Write out every line of the material as it stands, apart from the pictures.

■ Supplied information:
--
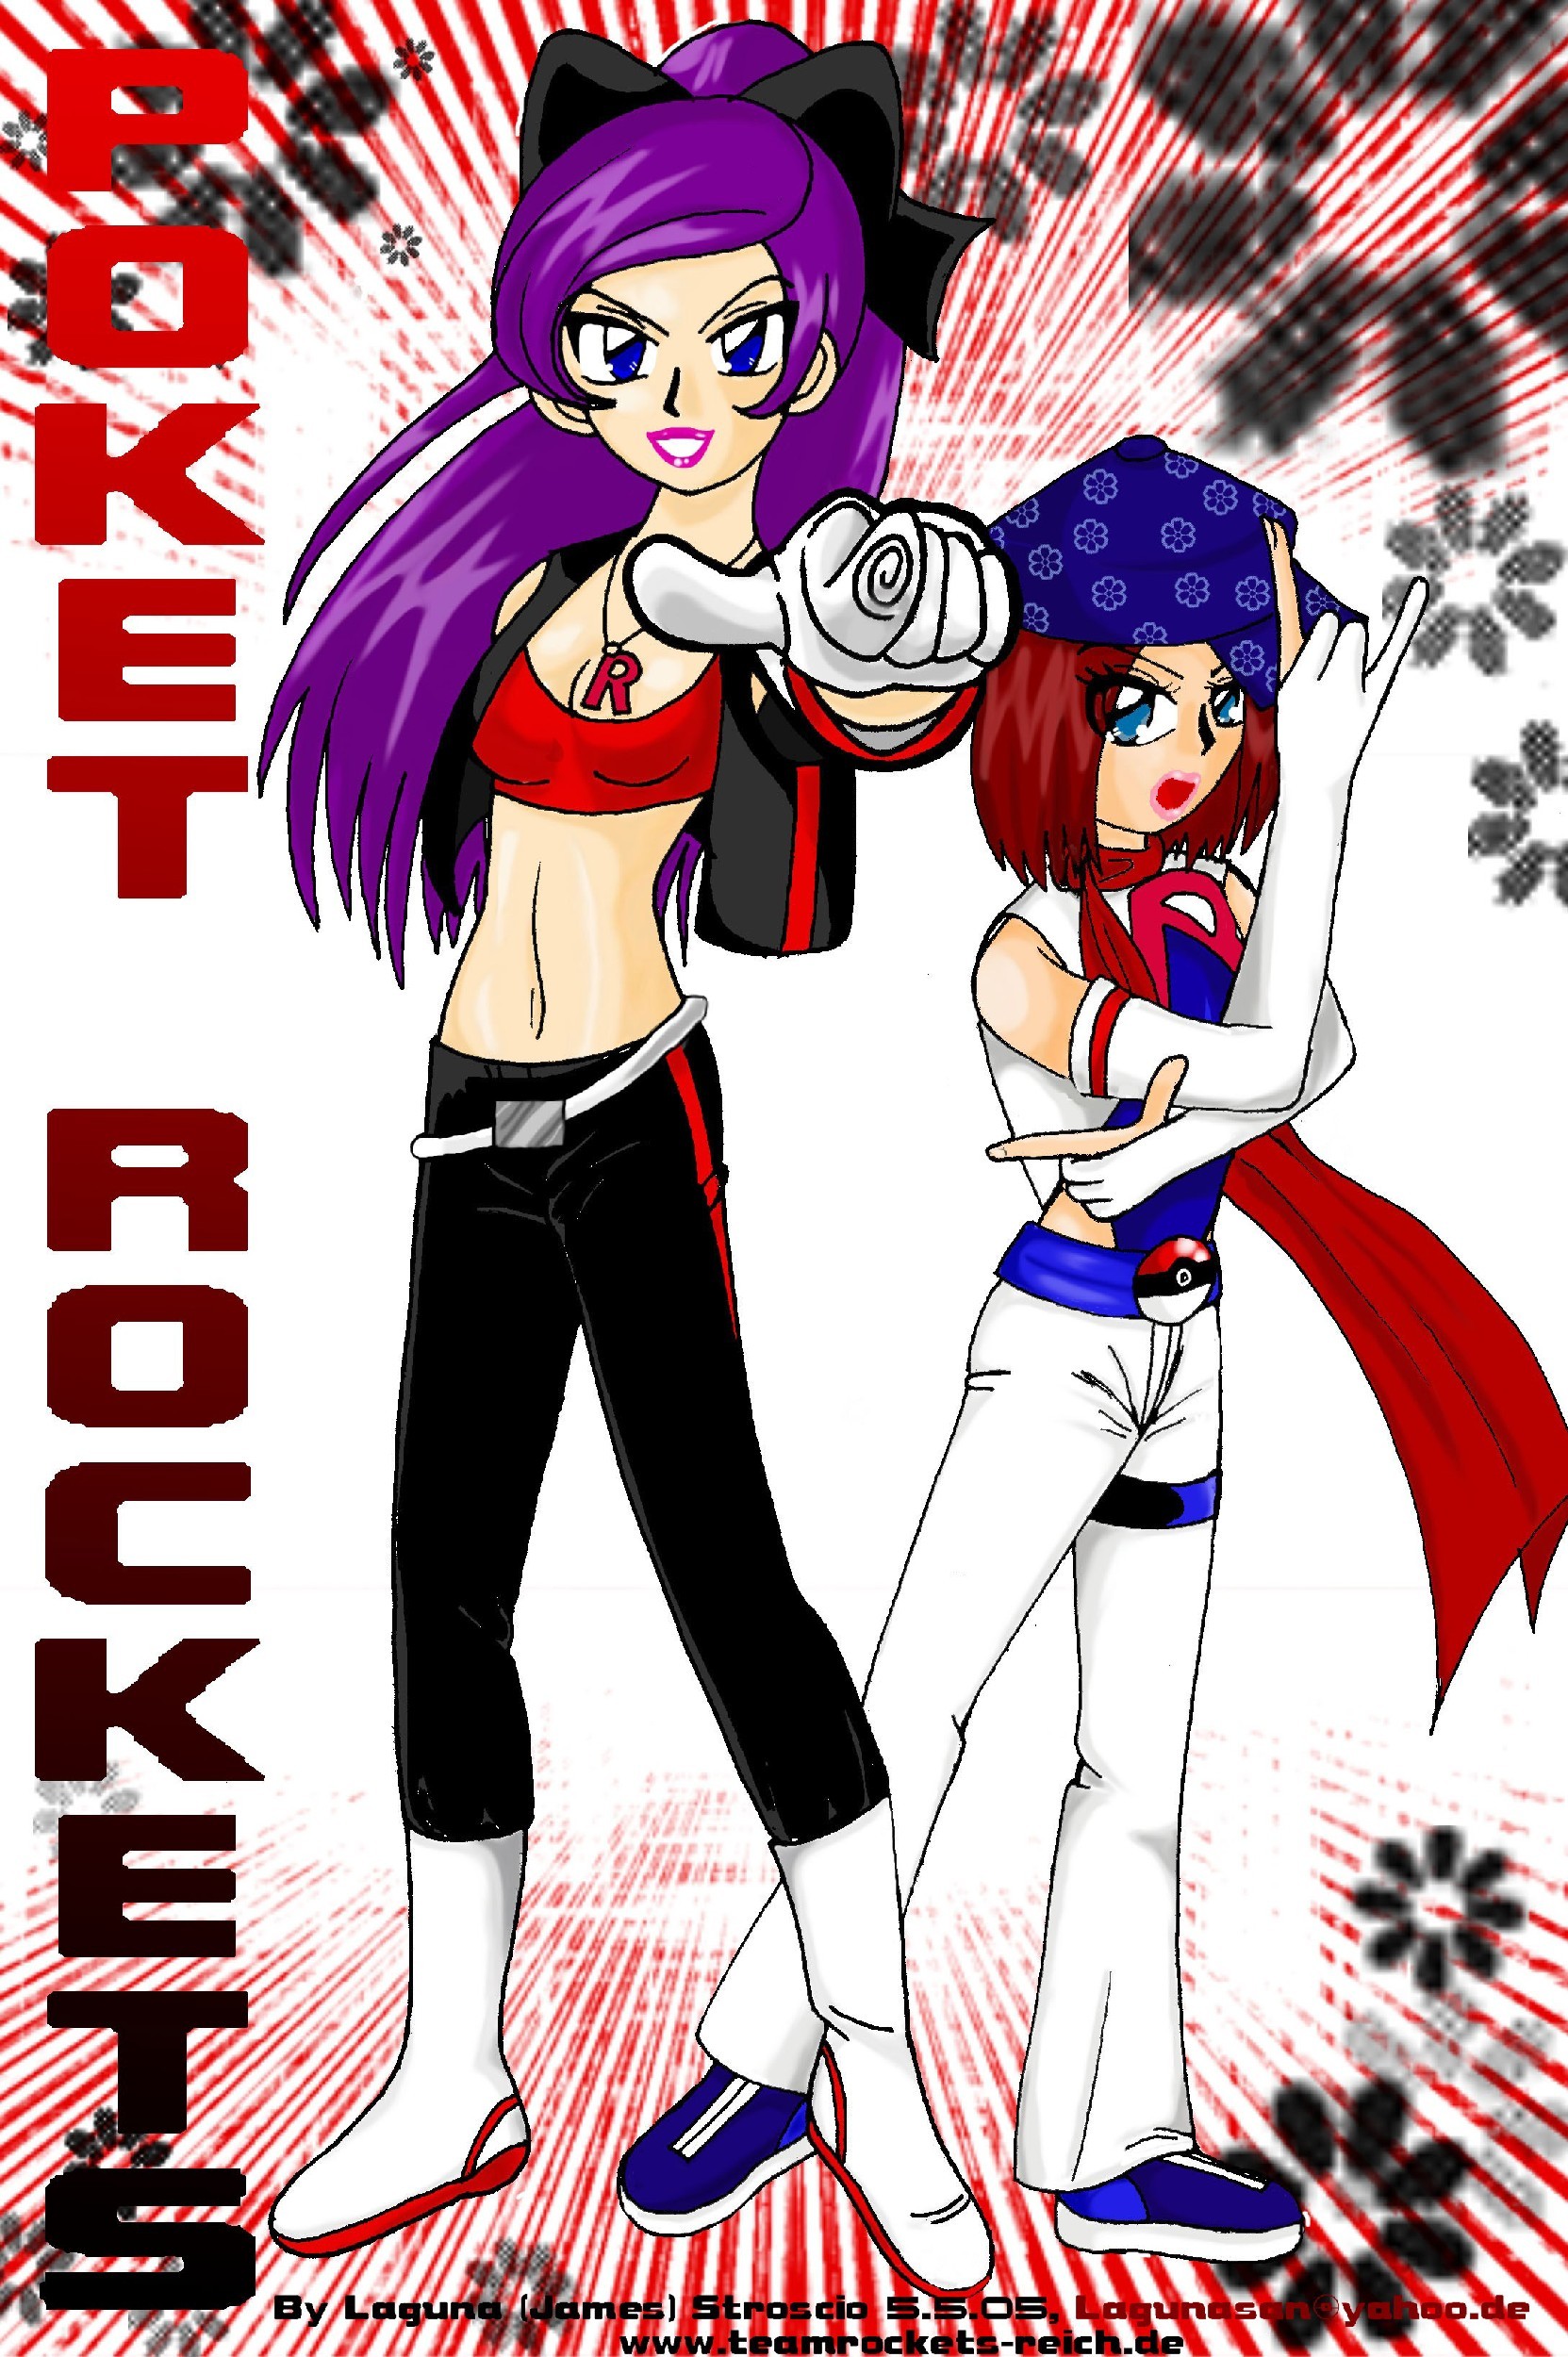 Pocket Rocket by Kojiro
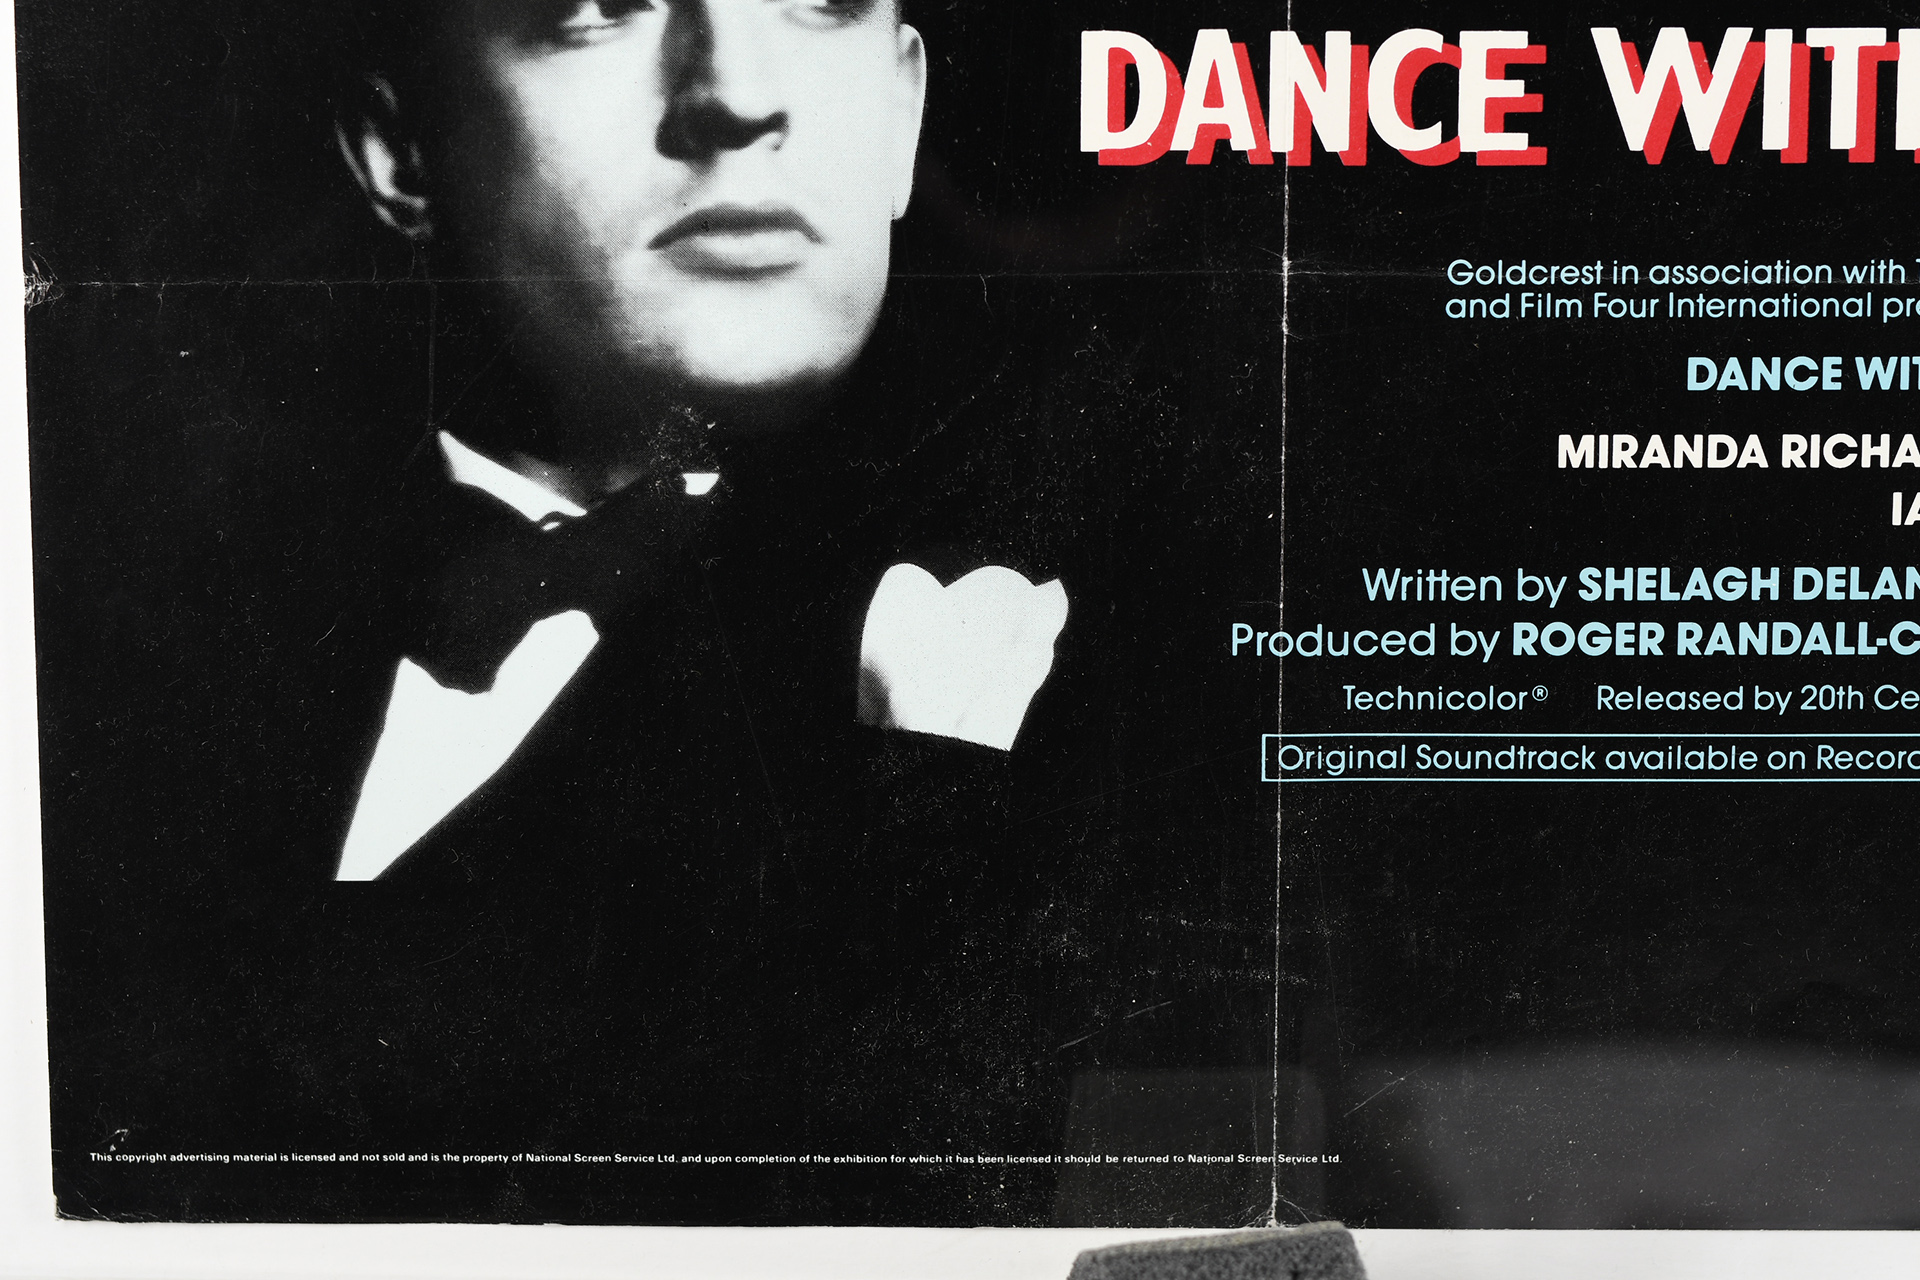 Original "Dance with a Stranger" Cinema Poster
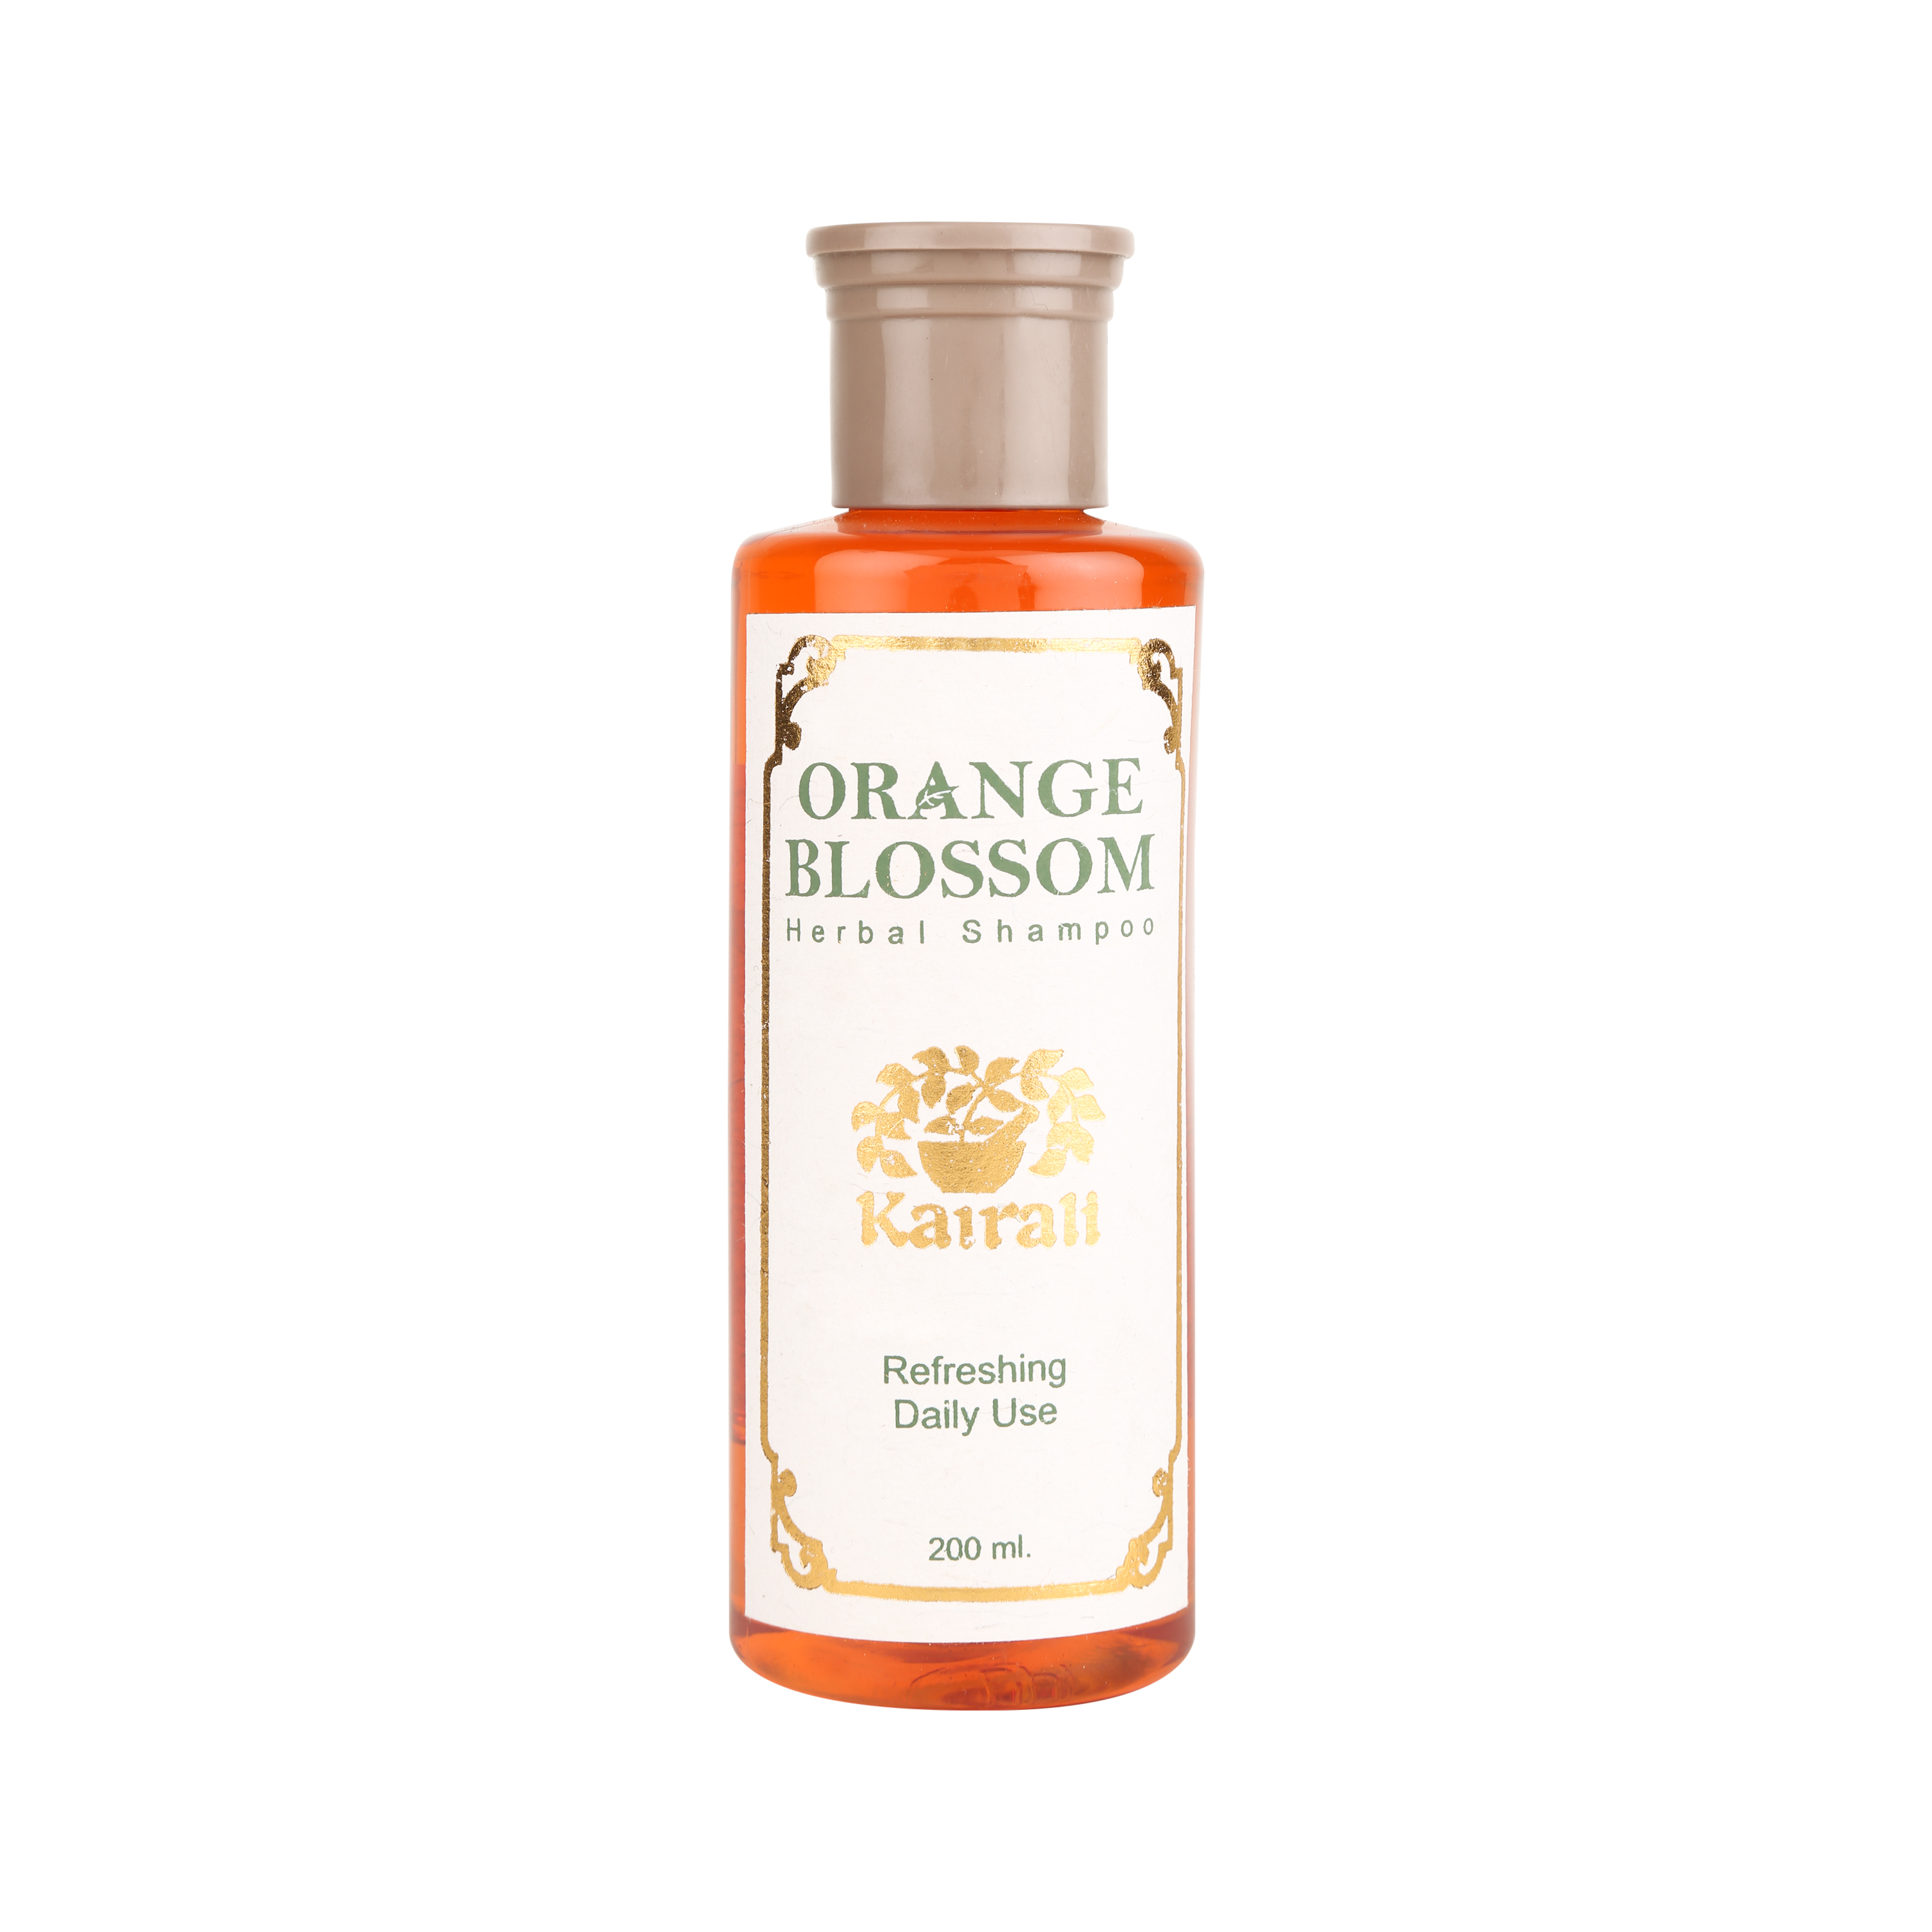 Buy Kairali Orange Blossom Shampoo at Best Price Online
--
■ Solution to this task:
 Pocket Rocket by Kojiro
 Original "Dance with a Stranger" Cinema Poster
 Buy Kairali Orange Blossom Shampoo at Best Price Online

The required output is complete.